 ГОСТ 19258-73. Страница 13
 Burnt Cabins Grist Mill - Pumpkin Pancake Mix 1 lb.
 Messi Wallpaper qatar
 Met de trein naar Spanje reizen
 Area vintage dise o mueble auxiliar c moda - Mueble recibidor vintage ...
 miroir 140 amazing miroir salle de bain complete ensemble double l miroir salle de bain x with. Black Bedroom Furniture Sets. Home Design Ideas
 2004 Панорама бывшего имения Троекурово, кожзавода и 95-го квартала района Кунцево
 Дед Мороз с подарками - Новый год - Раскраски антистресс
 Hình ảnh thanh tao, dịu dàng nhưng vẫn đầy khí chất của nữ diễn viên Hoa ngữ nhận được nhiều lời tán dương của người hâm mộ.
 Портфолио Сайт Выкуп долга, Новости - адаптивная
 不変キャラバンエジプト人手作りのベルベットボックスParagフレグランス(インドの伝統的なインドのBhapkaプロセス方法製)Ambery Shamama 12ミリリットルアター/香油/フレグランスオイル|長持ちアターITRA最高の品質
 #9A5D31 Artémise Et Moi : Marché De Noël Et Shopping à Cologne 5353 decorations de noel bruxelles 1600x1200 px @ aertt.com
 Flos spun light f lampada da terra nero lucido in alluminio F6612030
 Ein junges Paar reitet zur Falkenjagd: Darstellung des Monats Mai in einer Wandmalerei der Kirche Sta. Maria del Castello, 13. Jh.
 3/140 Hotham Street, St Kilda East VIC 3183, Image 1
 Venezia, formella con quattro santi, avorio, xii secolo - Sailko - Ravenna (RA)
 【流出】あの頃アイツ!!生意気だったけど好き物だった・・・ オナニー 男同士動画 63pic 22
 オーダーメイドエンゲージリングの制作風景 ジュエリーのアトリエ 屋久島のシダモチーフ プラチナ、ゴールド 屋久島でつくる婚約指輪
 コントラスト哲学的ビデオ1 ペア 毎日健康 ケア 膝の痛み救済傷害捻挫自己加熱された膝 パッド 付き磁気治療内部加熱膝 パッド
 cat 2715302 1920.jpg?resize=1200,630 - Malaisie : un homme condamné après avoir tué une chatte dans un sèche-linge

· · ·

**WHAT THIS TASK INVOLVES**
Repeat each line above exactly as it stands.

**YOUR RESPONSE**
 ГОСТ 19258-73. Страница 13
 Burnt Cabins Grist Mill - Pumpkin Pancake Mix 1 lb.
 Messi Wallpaper qatar
 Met de trein naar Spanje reizen
 Area vintage dise o mueble auxiliar c moda - Mueble recibidor vintage ...
 miroir 140 amazing miroir salle de bain complete ensemble double l miroir salle de bain x with. Black Bedroom Furniture Sets. Home Design Ideas
 2004 Панорама бывшего имения Троекурово, кожзавода и 95-го квартала района Кунцево
 Дед Мороз с подарками - Новый год - Раскраски антистресс
 Hình ảnh thanh tao, dịu dàng nhưng vẫn đầy khí chất của nữ diễn viên Hoa ngữ nhận được nhiều lời tán dương của người hâm mộ.
 Портфолио Сайт Выкуп долга, Новости - адаптивная
 不変キャラバンエジプト人手作りのベルベットボックスParagフレグランス(インドの伝統的なインドのBhapkaプロセス方法製)Ambery Shamama 12ミリリットルアター/香油/フレグランスオイル|長持ちアターITRA最高の品質
 #9A5D31 Artémise Et Moi : Marché De Noël Et Shopping à Cologne 5353 decorations de noel bruxelles 1600x1200 px @ aertt.com
 Flos spun light f lampada da terra nero lucido in alluminio F6612030
 Ein junges Paar reitet zur Falkenjagd: Darstellung des Monats Mai in einer Wandmalerei der Kirche Sta. Maria del Castello, 13. Jh.
 3/140 Hotham Street, St Kilda East VIC 3183, Image 1
 Venezia, formella con quattro santi, avorio, xii secolo - Sailko - Ravenna (RA)
 【流出】あの頃アイツ!!生意気だったけど好き物だった・・・ オナニー 男同士動画 63pic 22
 オーダーメイドエンゲージリングの制作風景 ジュエリーのアトリエ 屋久島のシダモチーフ プラチナ、ゴールド 屋久島でつくる婚約指輪
 コントラスト哲学的ビデオ1 ペア 毎日健康 ケア 膝の痛み救済傷害捻挫自己加熱された膝 パッド 付き磁気治療内部加熱膝 パッド
 cat 2715302 1920.jpg?resize=1200,630 - Malaisie : un homme condamné après avoir tué une chatte dans un sèche-linge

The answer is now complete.